This bumps the number of Fukushima residents diagnosed with thyroid cancer up to 152. Although many times higher than the national average, the thyroid cancer rates are “unlikely” to have been increased by the reactor accident, according to vice chair of Fukushima’s medical association Hokuto Hoshi.

“Those thyroid cases have been found because we conducted the survey, not because of the radiation,” concurred Akira Ohtsuru, a radiologist who examined many of the patients. “The survey has caused over-diagnosis.”

One of those suspected of having cancer is a 4-year-old boy who hadn’t even been conceived yet when his parents fled Fukushima.

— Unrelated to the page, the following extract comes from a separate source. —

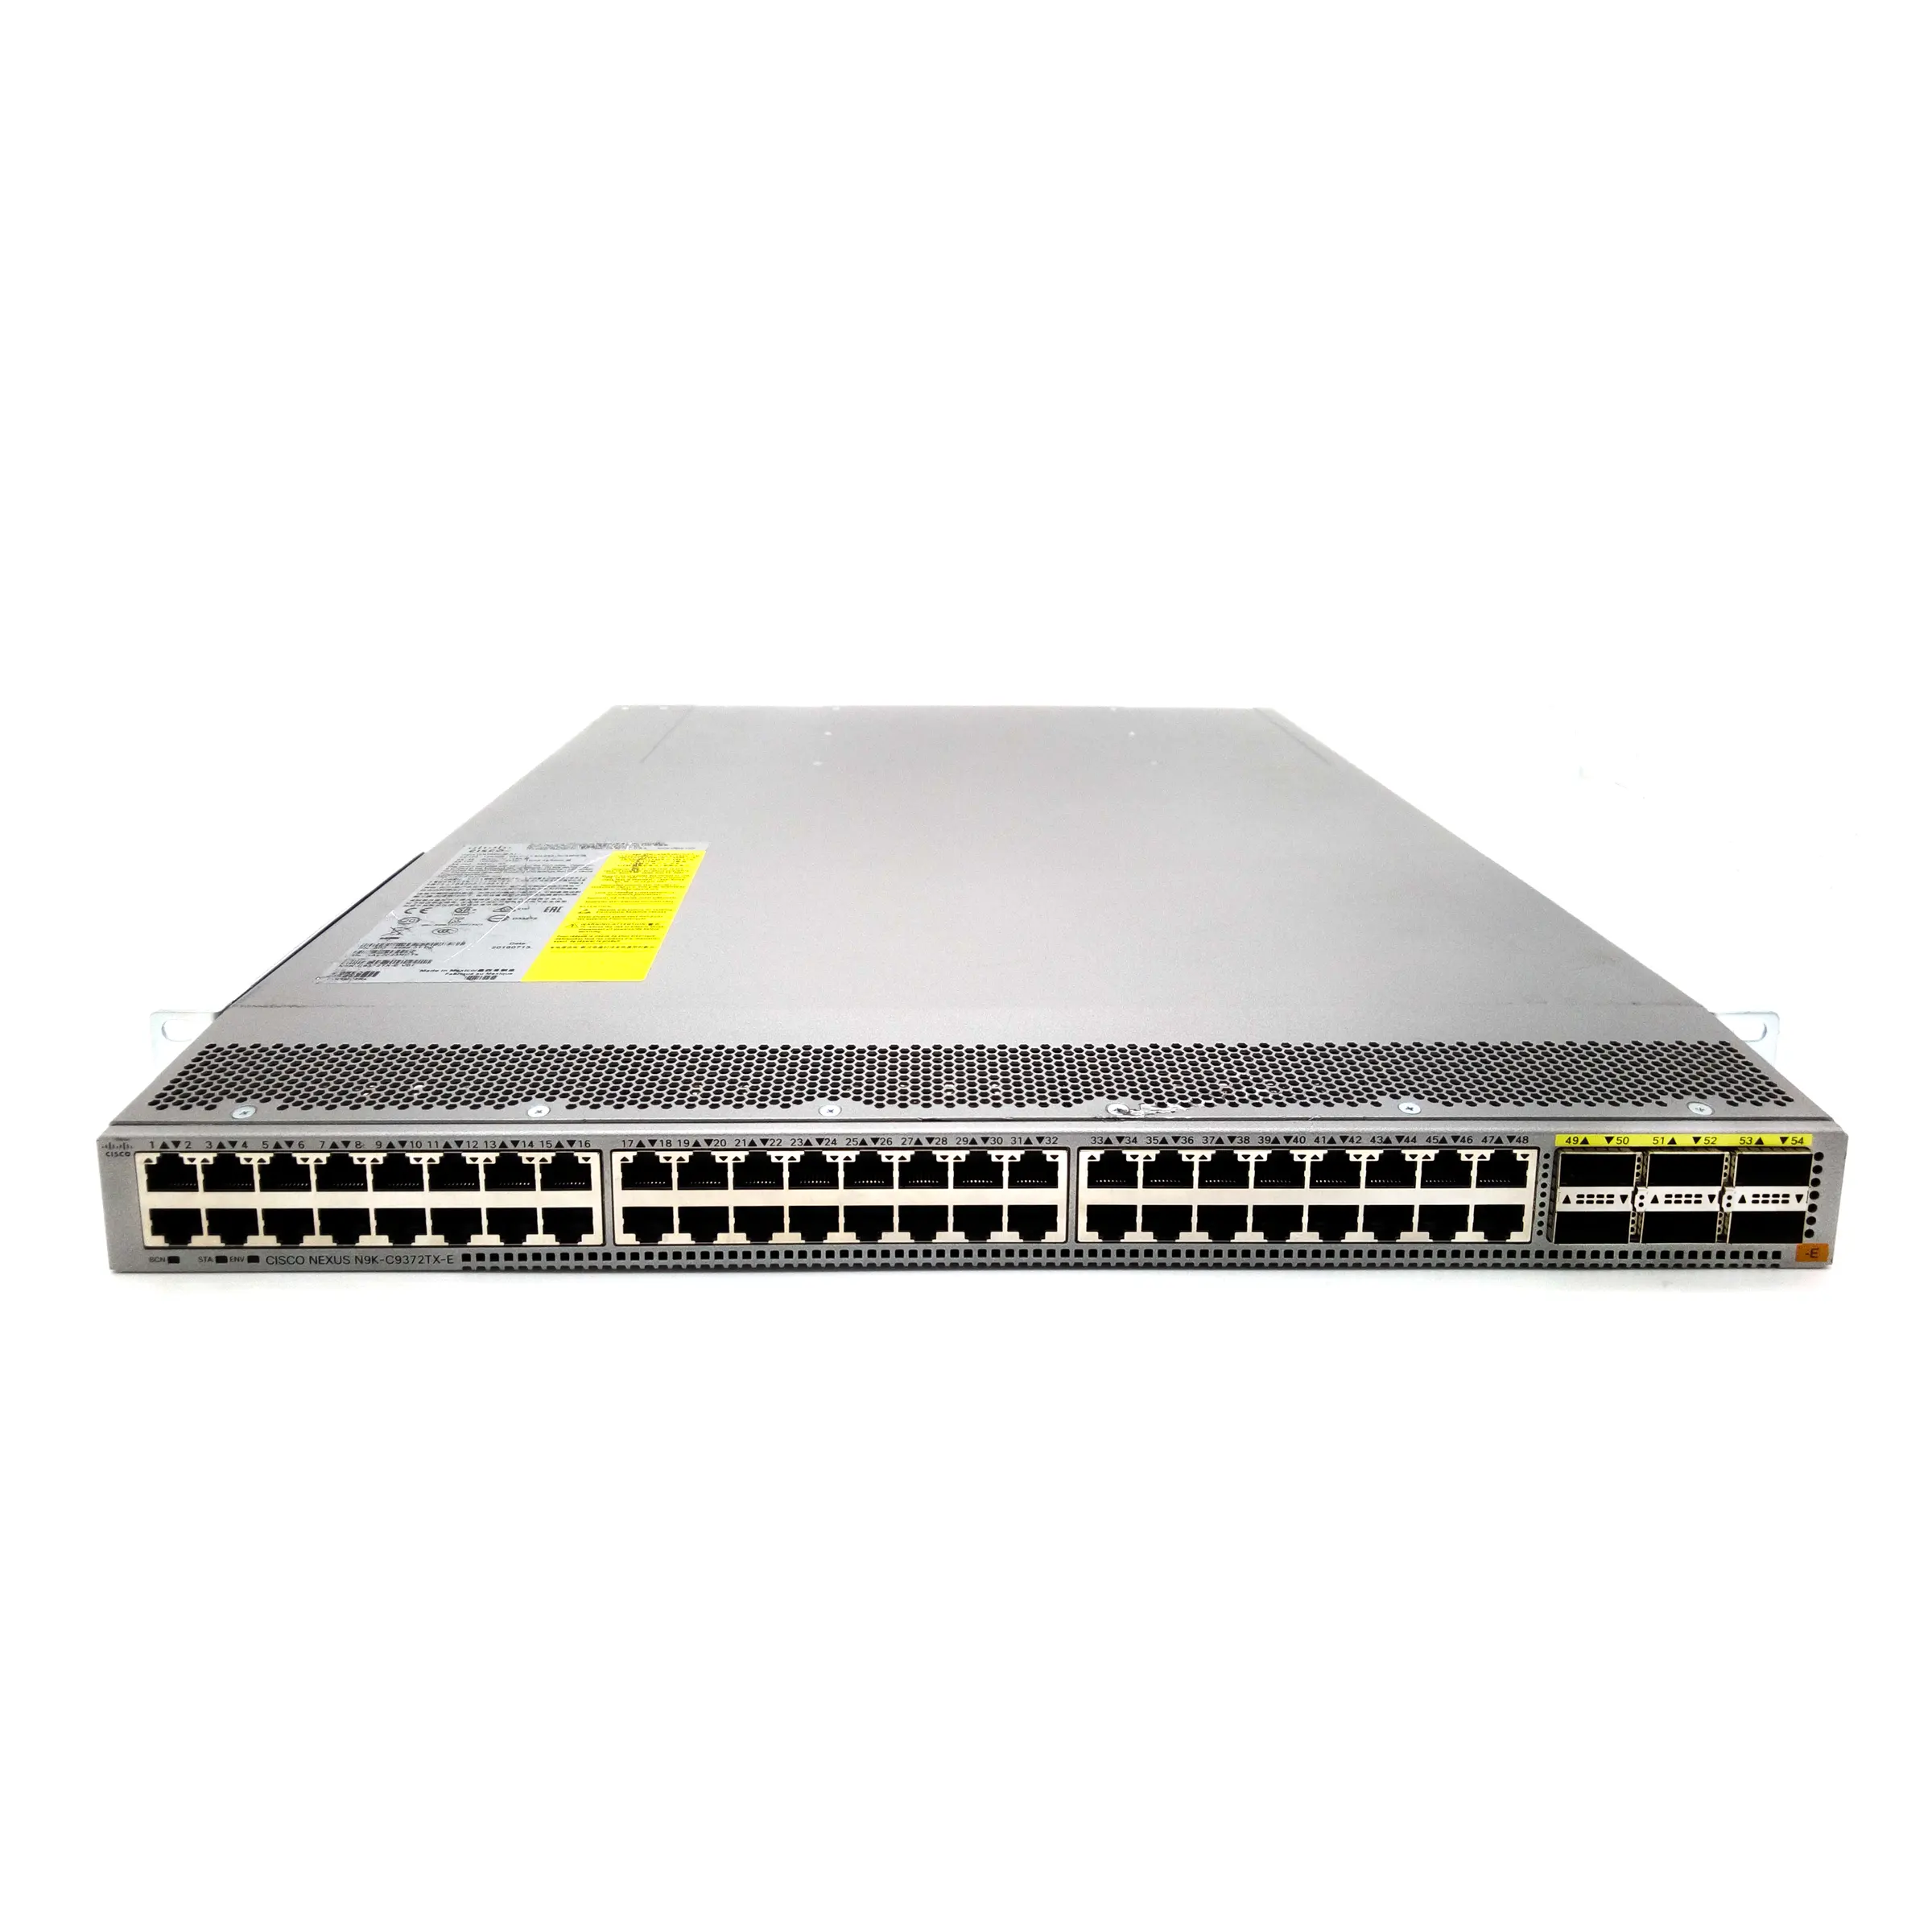 N9K-9372TX-E प्रयुक्त मूल प्रबंधित L3 स्विच 48 10GBase-T पोर्ट और 6 40-गीगाबिट QSFP+ अपलिंक पोर्ट नेक्सस स्विच

The prefectural government has been conducting thyroid checkups on evacuees every year since 2013.  The number of cases continuously rises every time they do so: five additional cases in 2014 and two additional ones in May 2015. This means more and more evacuees are metastasizing the illness.

Fukushima University researchers have also found that evacuees have markedly higher rates of diabetes, liver and heart disease and obesity than the national average.

A May 2017 study from the Norwegian Institute for Air Research found that the Fukushima nuclear disaster had spread additional radiation across the entire planet, with the same amount of radiation as a single x-ray hitting the average person.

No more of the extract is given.